Dairygold to drop its 2c/l penalty plan
Dairygold is to drop the controversial 2c/l penalty which was to be imposed on suppliers who do not sign up to its milk supply contract by March 31 next.
Over 80 disgruntled Dairygold suppliers protested outside the co-op's Mitchelstown headquarters on Friday, voicing their opposition to a number of facets of the milk supply and forecasting agreement.
However, over the weekend, the Dairygold board decided to drop the contentious 2c/l penalty and also announced a number of other sweeteners aimed at enticing farmers to sign up to its terms.
A bonus of 0.35c/l is to be paid on all milk supplied in 2012 to farmers who return the signed milk supply agreements and forecasts before March 31.
In addition, the board announced that it will pay a feed-related subsidy of €5/t on all ruminant feed purchased from Dairygold during 2012.
Announcing the feed subsidy, a statement from the board said it recognised that 2012 was a very difficult and costly year for farmers and the €5/t subsidy will be paid via supplier accounts this month.
While Dairygold has abandoned its plans to impose a 2c/l penalty for farmers who do not sign the milk supply and forecast agreement, the co-op has warned farmers who do not signthat they face lower milk prices for excess milk from 2015 onwards.
The board said that while the co-op would continue to collect milk from farmers who do not sign up, those suppliers would have their 2012 supply base taken as their reference supply volume, by default, for future years.

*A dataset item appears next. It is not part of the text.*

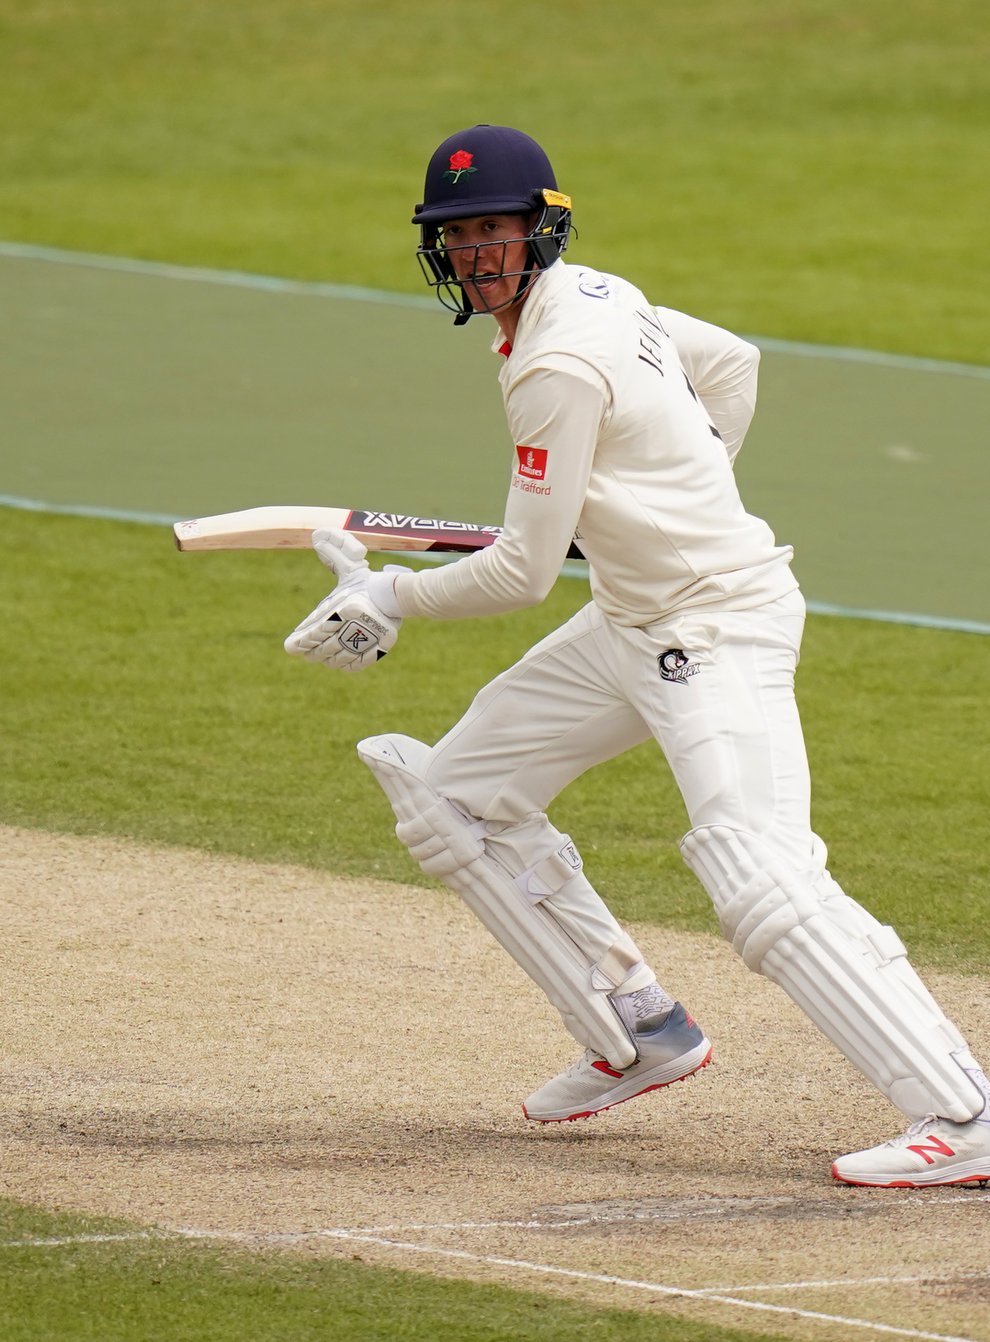 A century from Keaton Jennings put Lancashire in command in the Roses match

For any milk supplied above this reference level, farmers could expect to be paid a lower price for this 'excess unplanned milk', the board warned.
Around one-third of Dairygold's 3,000 milk suppliers have already returned their milk supply and forecasting agreements to the co-op, leaving some 2,000 contracts outstanding.
The contracts have generated fierce opposition from a relatively small but very vocal group of around 100 farmers who claim that the contract gives Dairygold the right to revisit the terms of the agreement at any time without any recourse to the farmers who sign up.
However, Dairygold chief executive Jim Woulfe insisted that suppliers had nothing to fear.
"Even though the agreement may appear legalistic in its terminology, there is no entrapment in completing it, so I would encourage everyone to sign the agreement and complete their forecast as requested," he said.
One-to-one meetings between Dairygold and suppliers are to continue in the coming weeks to discuss individual farmer concerns. IFA dairy chairman Kevin Kiersey welcomed the Dairygold move to drop the 2c/l penalty.
"We had clearly told Dairygold before Christmas that the penalty was provocative and unfair to their suppliers and we had urged them to reconsider it," said Mr Kiersey. "I think Dairygold deserve credit for listening to us and to their suppliers, and for adopting a much more positive approach, which is fairer to farmers."
He urged all Dairygold suppliers to actively engage with the co-op's one-to-one sessions aimed at helping farmers with the production forecasting process.
"This is also the opportunity for farmers to gain a detailed understanding of the new milk supply agreement, which is largely legally rooted in the rules of the Society," he added.